Source data:
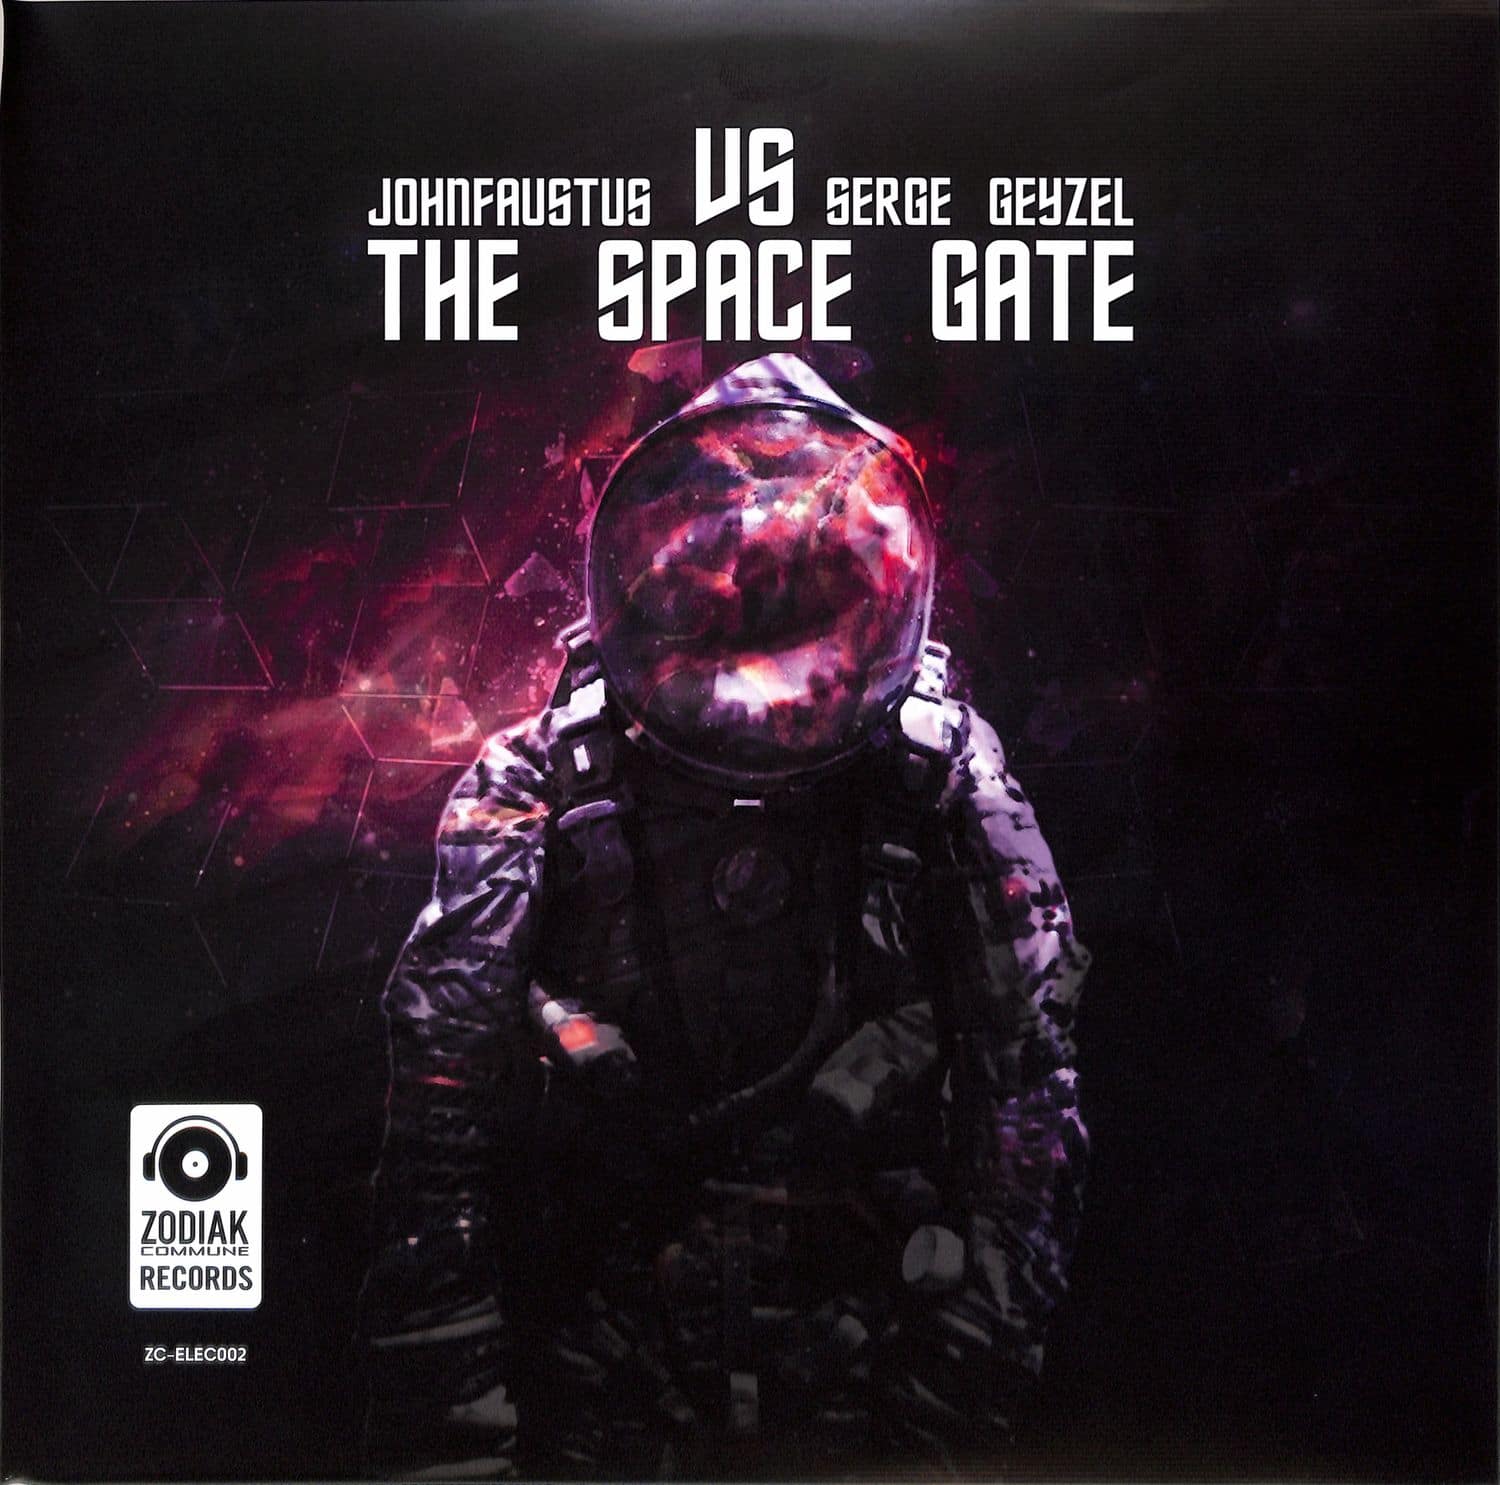 johnfaustus & Serge Geyzel - THE SPACE GATE 
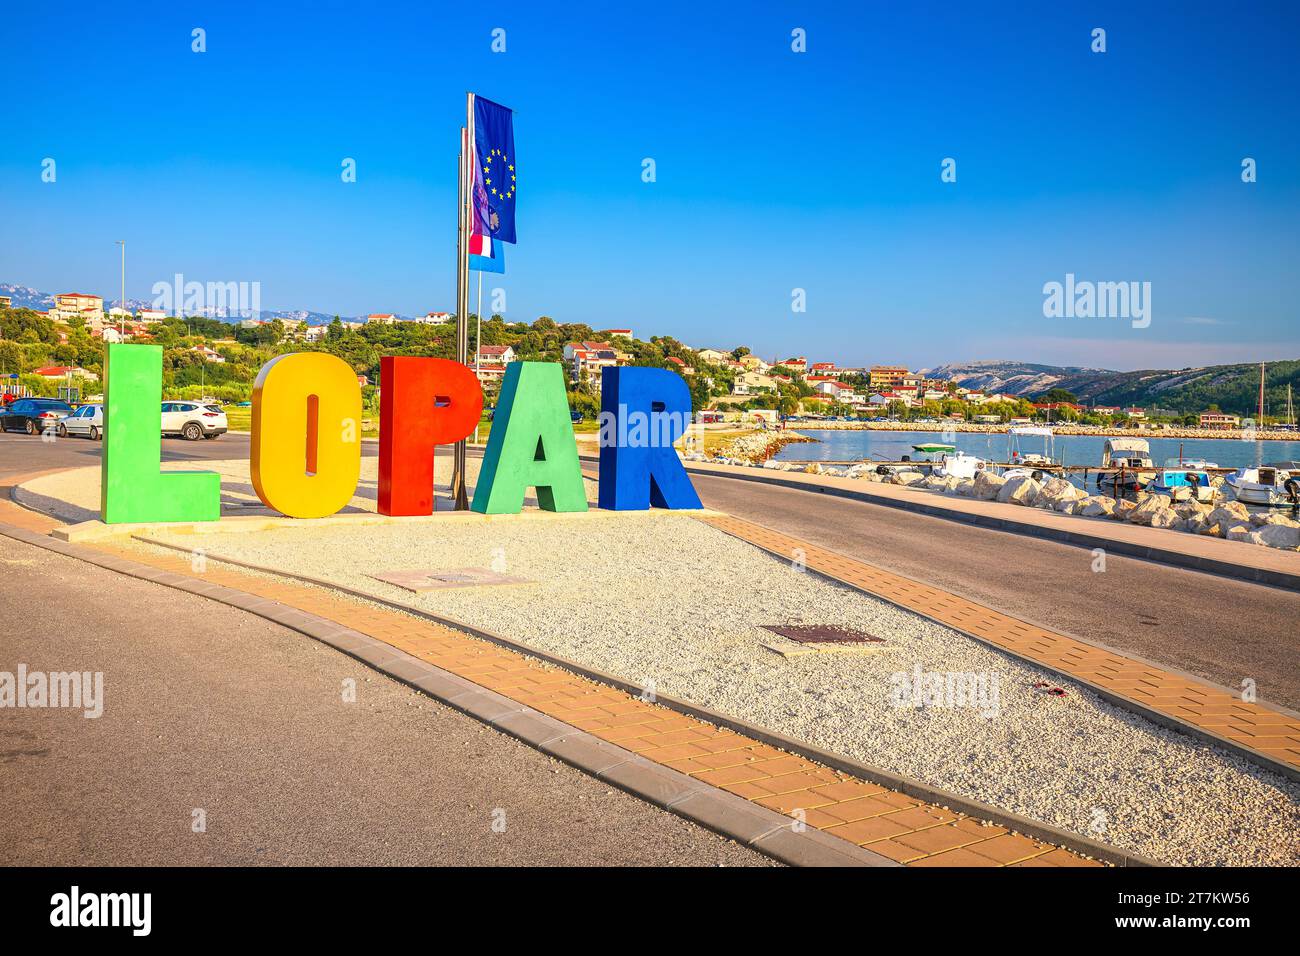 Città di Lopar sull'insegna dell'isola di Rab e vista sul lungomare, arcipelago della Croazia Foto Stock
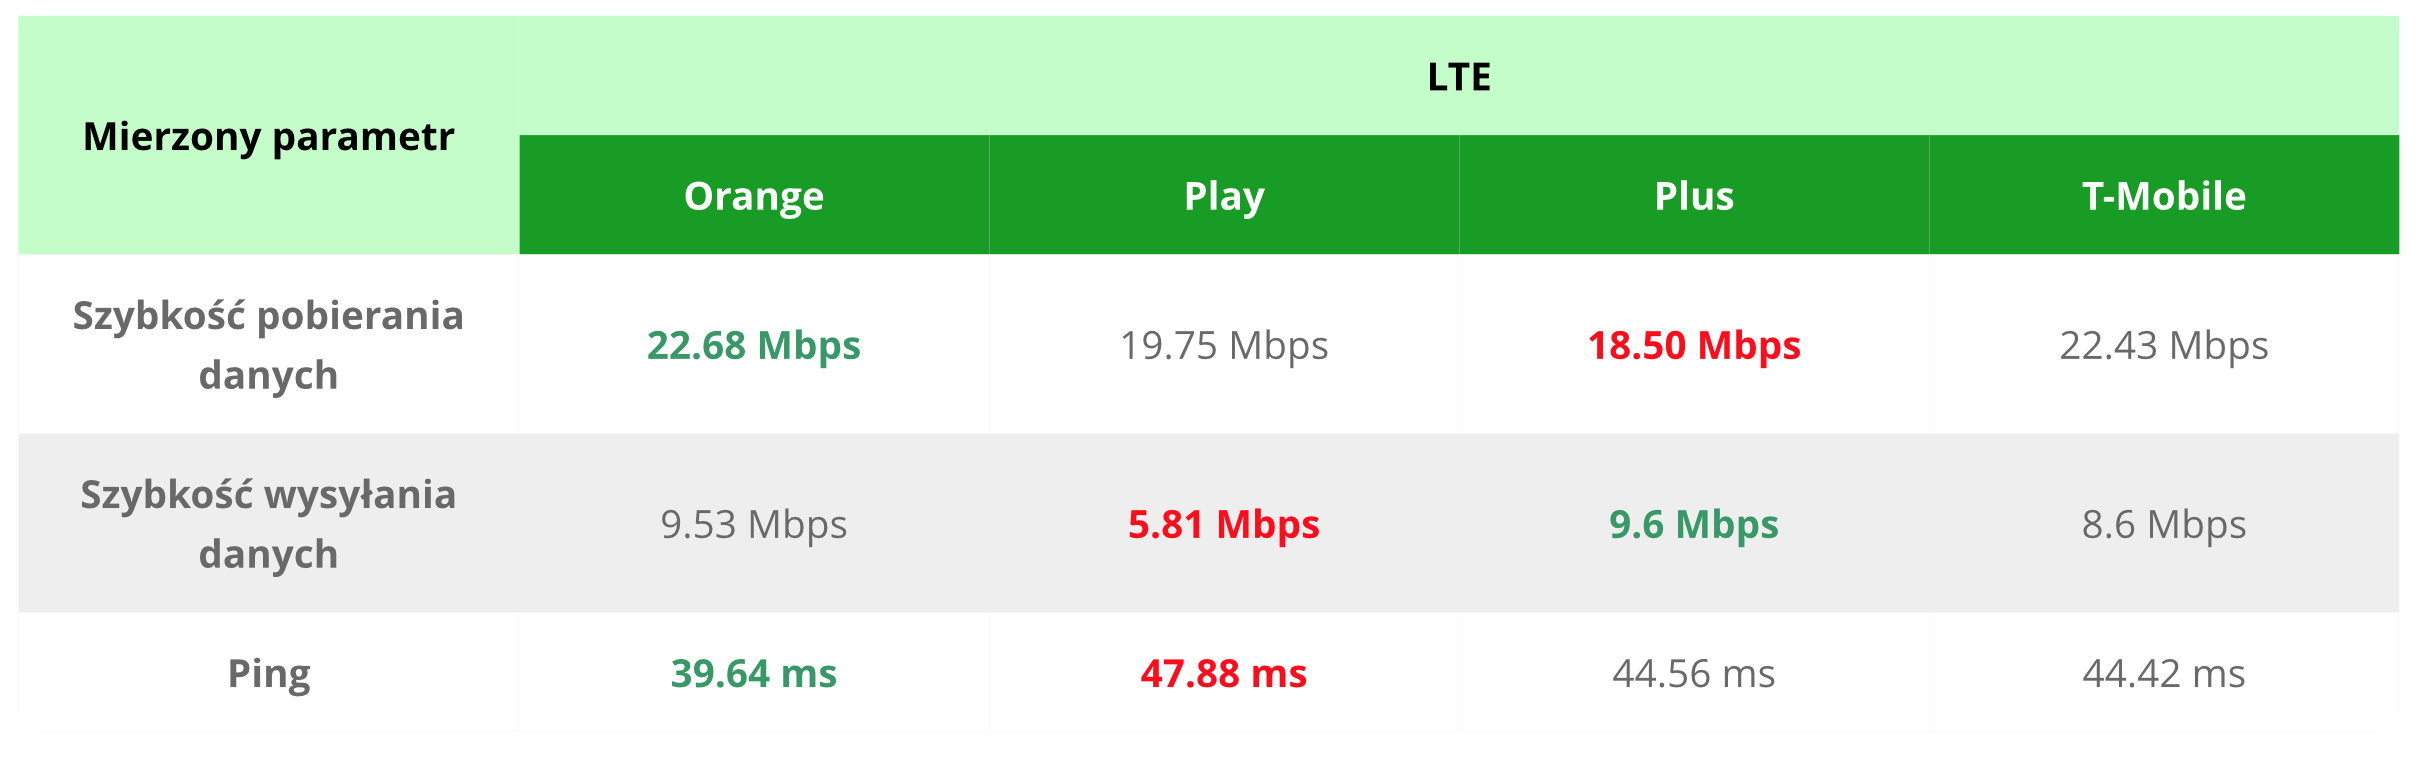 Zestawienie prędkości internetu mobilnego LTE (4G) u Polskich operatorów (grudzień 2017)

Exercise brief:
Give back exactly the lines from the line with "Città di Lopar" through the end of the material above, and omit every picture.

Answer for the task:
 Città di Lopar sull'insegna dell'isola di Rab e vista sul lungomare, arcipelago della Croazia Foto Stock
 Zestawienie prędkości internetu mobilnego LTE (4G) u Polskich operatorów (grudzień 2017)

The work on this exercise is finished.